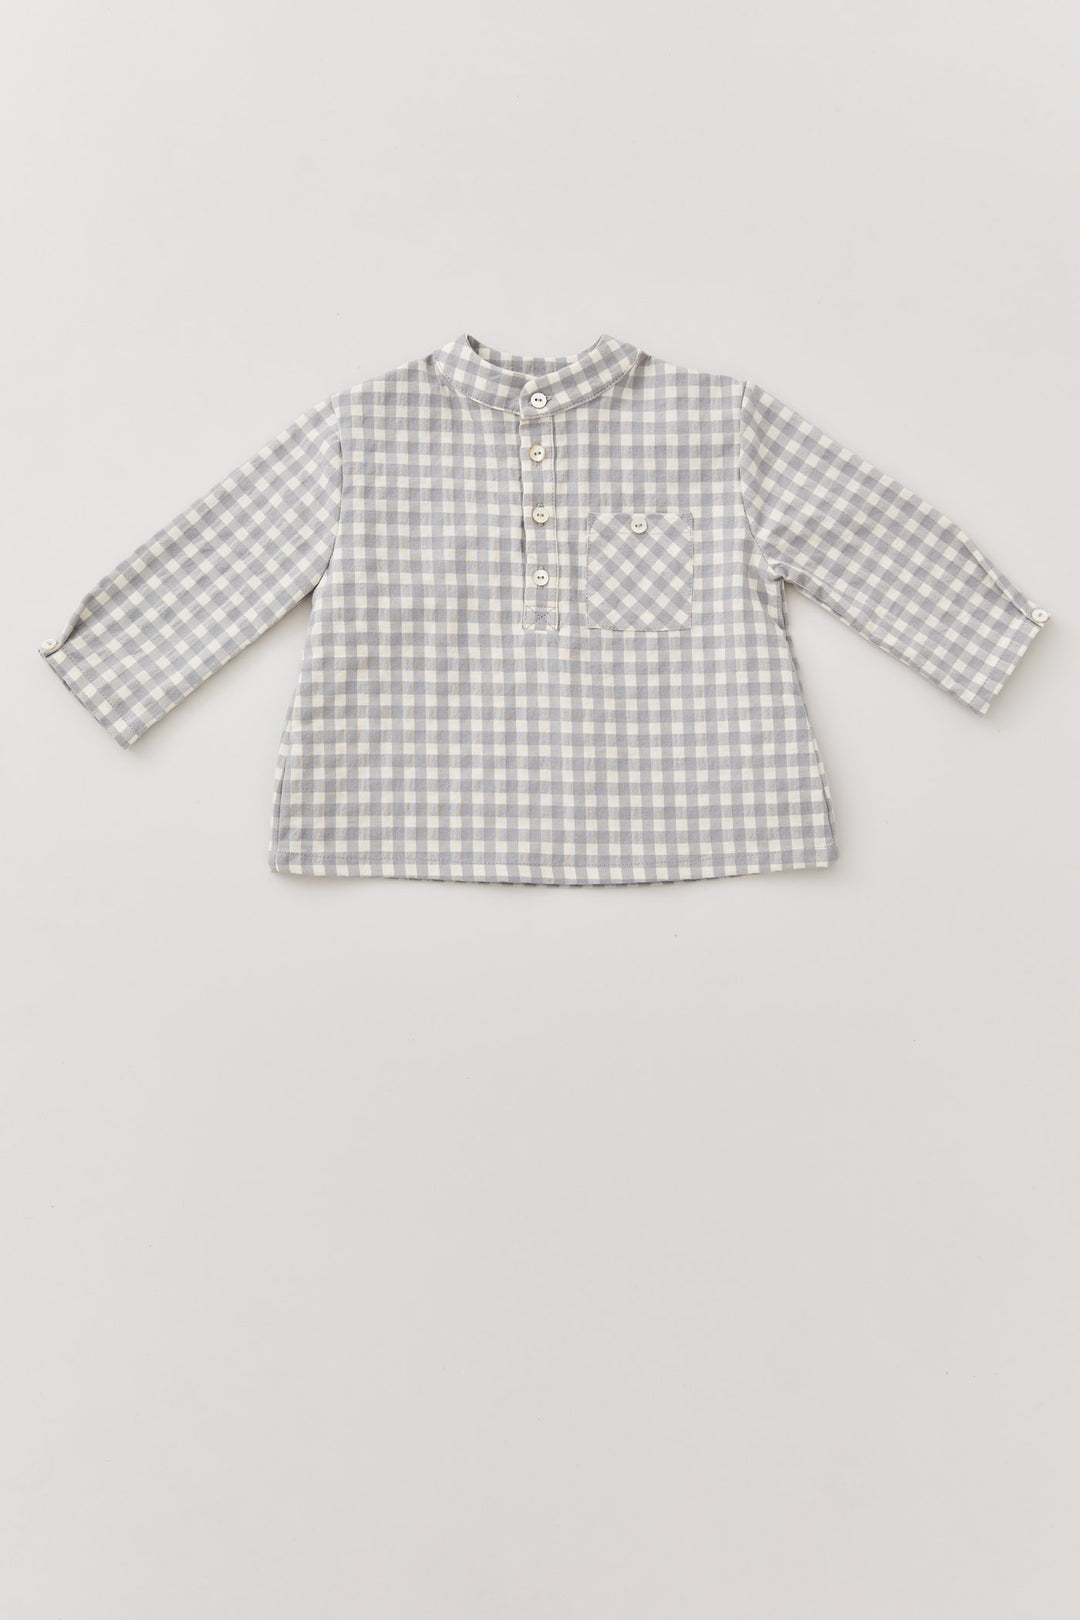 Baby Apple Shirt in Cream Grey Check - Designed by Ingrid Lewis - Strawberries & Cream
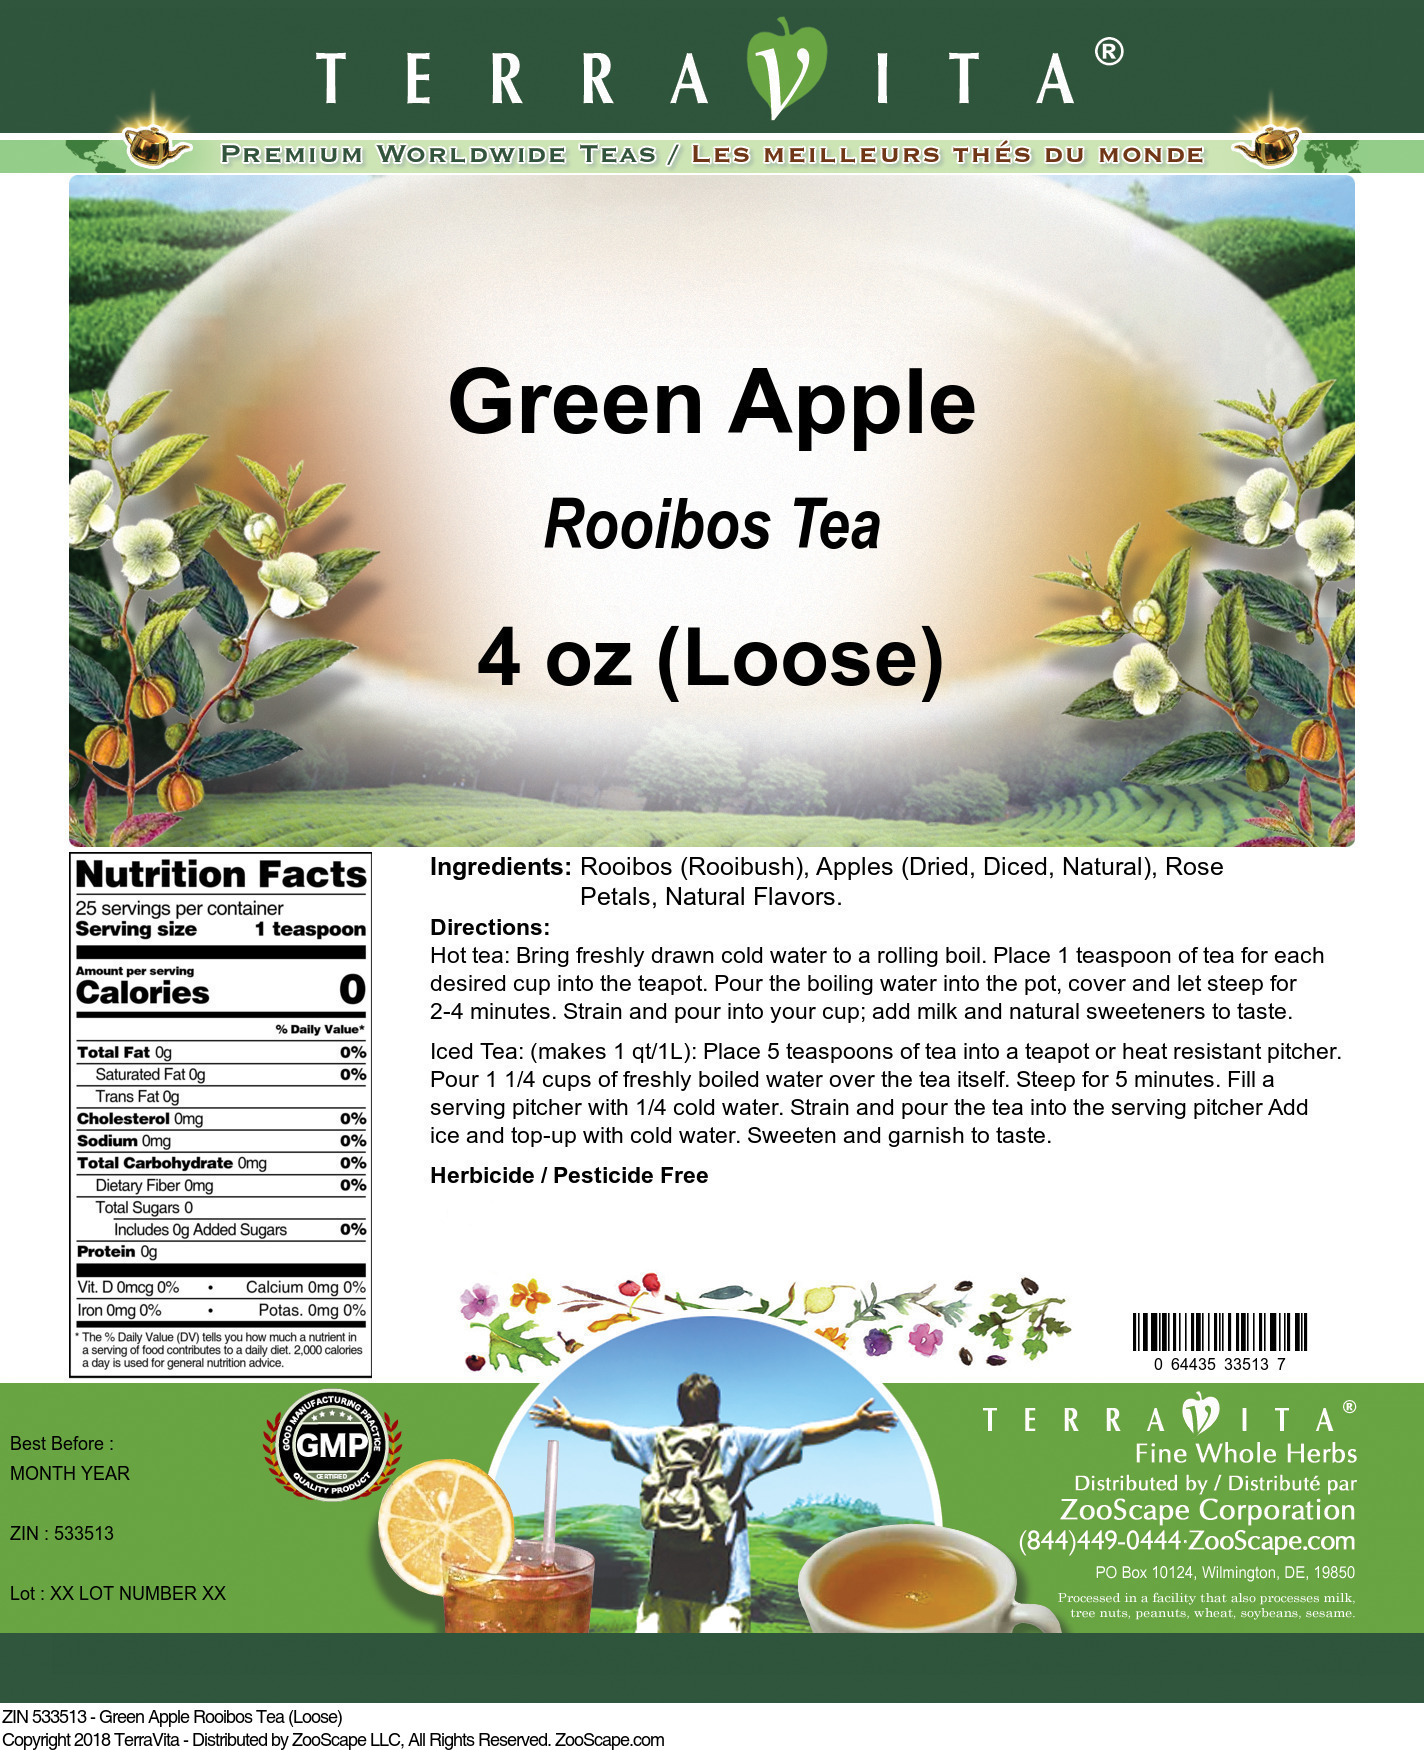 Green Apple Rooibos Tea (Loose) - Label
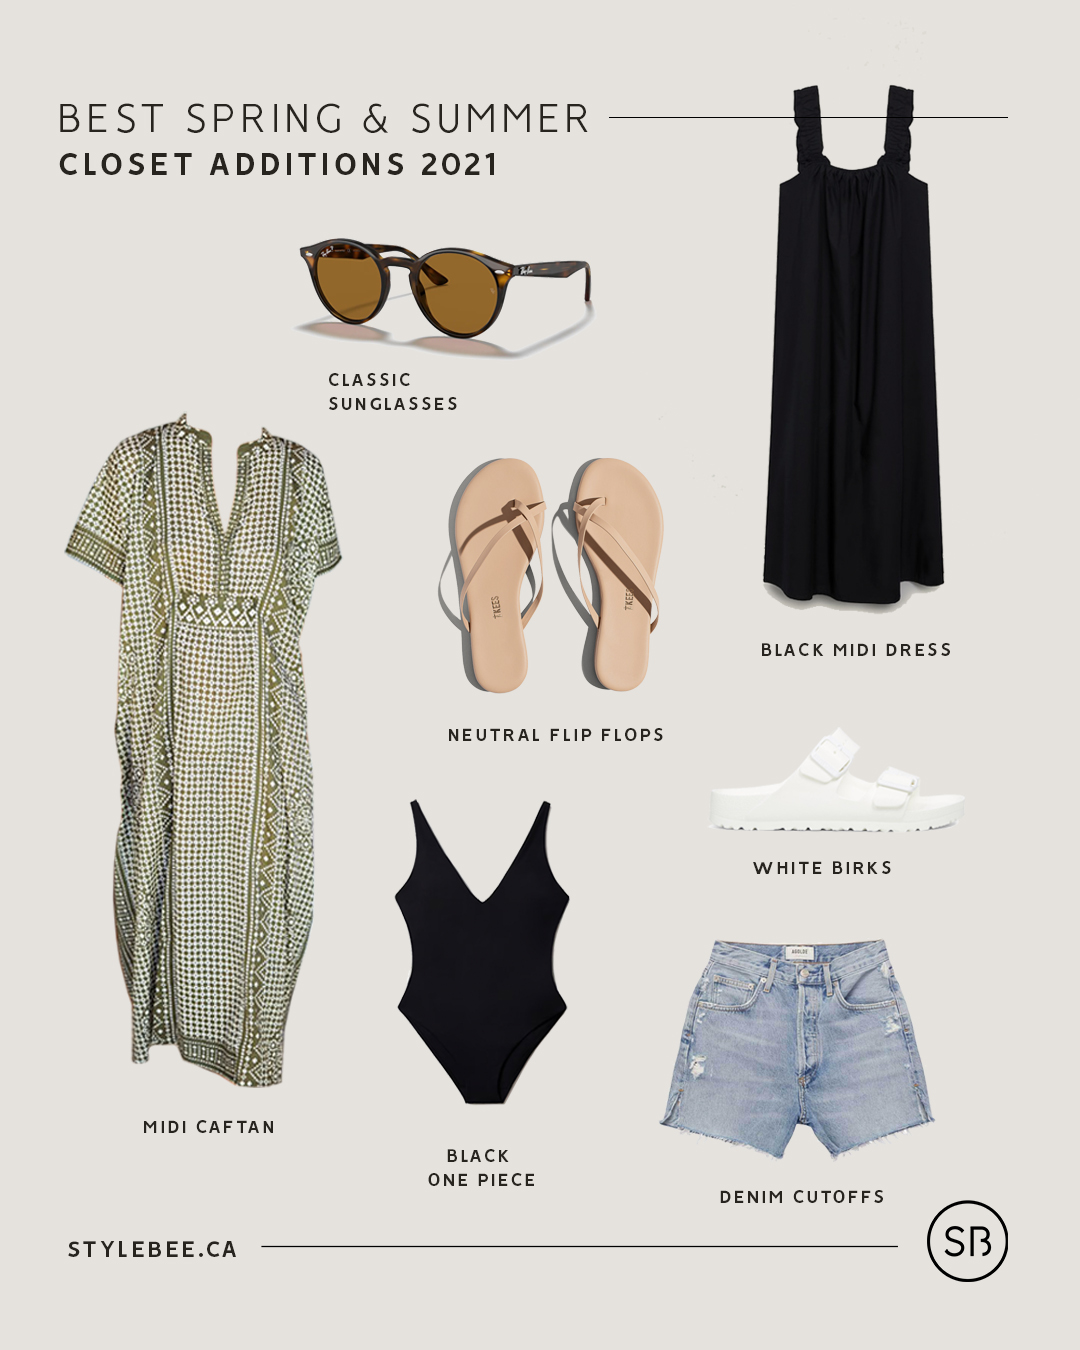 My 2021 Spring Capsule Wardrobe - By Charlotte B
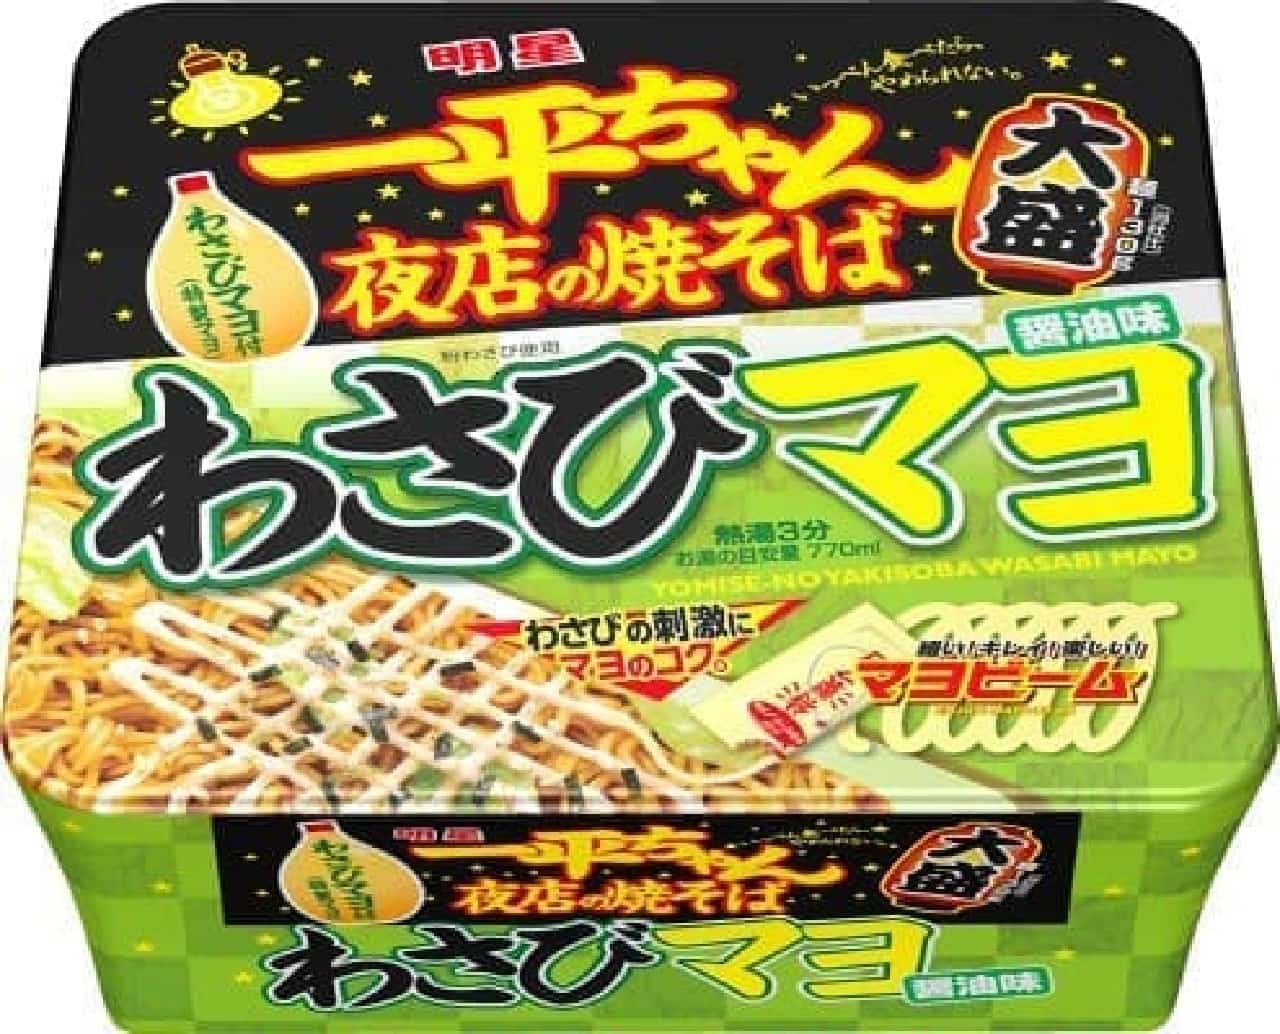 "Ippei-chan Night Shop Yakisoba Omori Wasabi Mayo Soy Sauce Flavor"
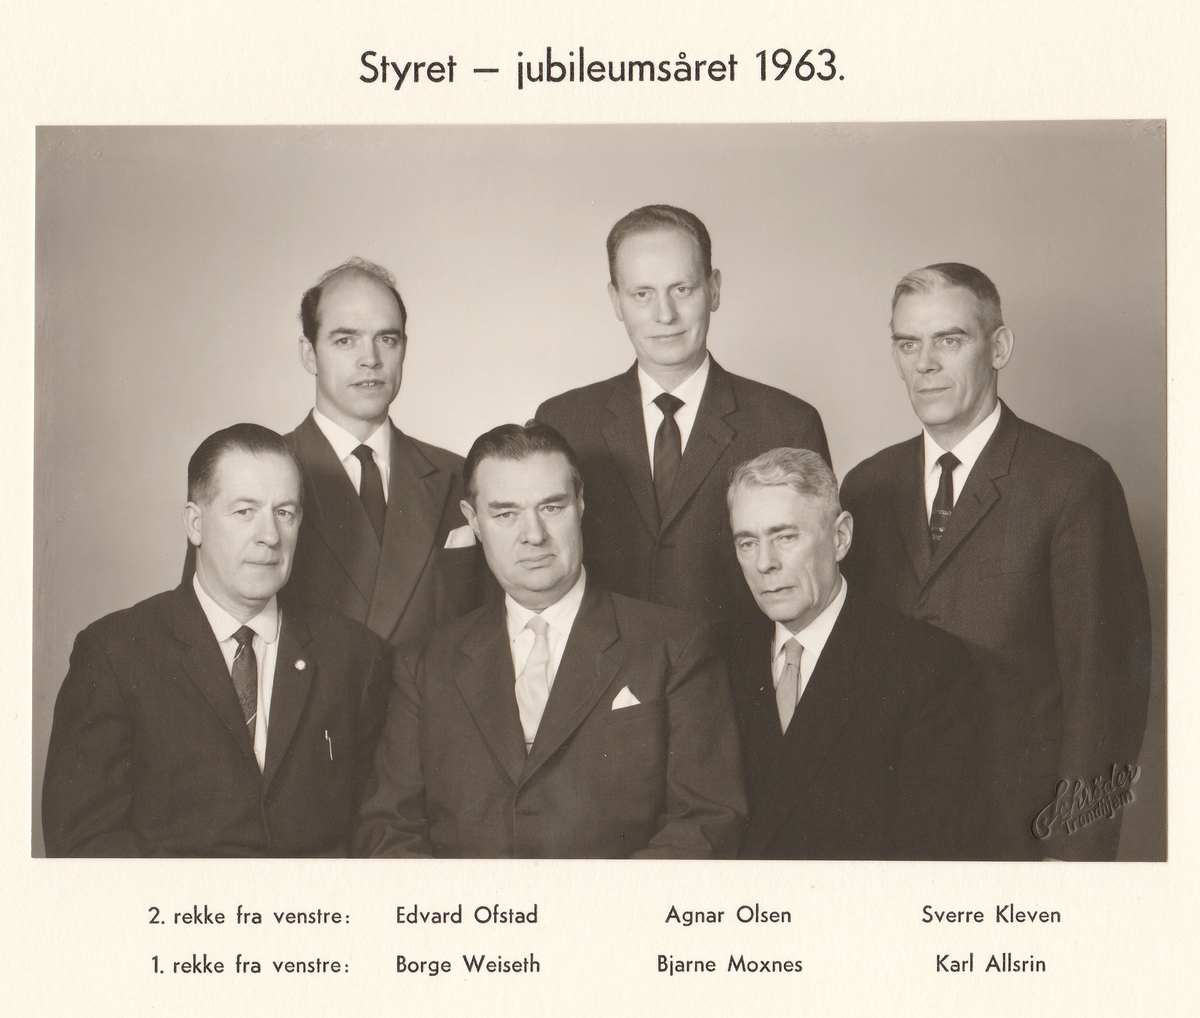 Styret - jubileumsåret 1963

● ● ● ● ● ● ●

> [Directions for this task] All lines above between the line that contains "Night Shop Yakisoba" and the last line of the entries, both included, must be transcribed exactly. No pictures are to appear.

> [Written response]
 "Ippei-chan Night Shop Yakisoba Omori Wasabi Mayo Soy Sauce Flavor"
 Styret - jubileumsåret 1963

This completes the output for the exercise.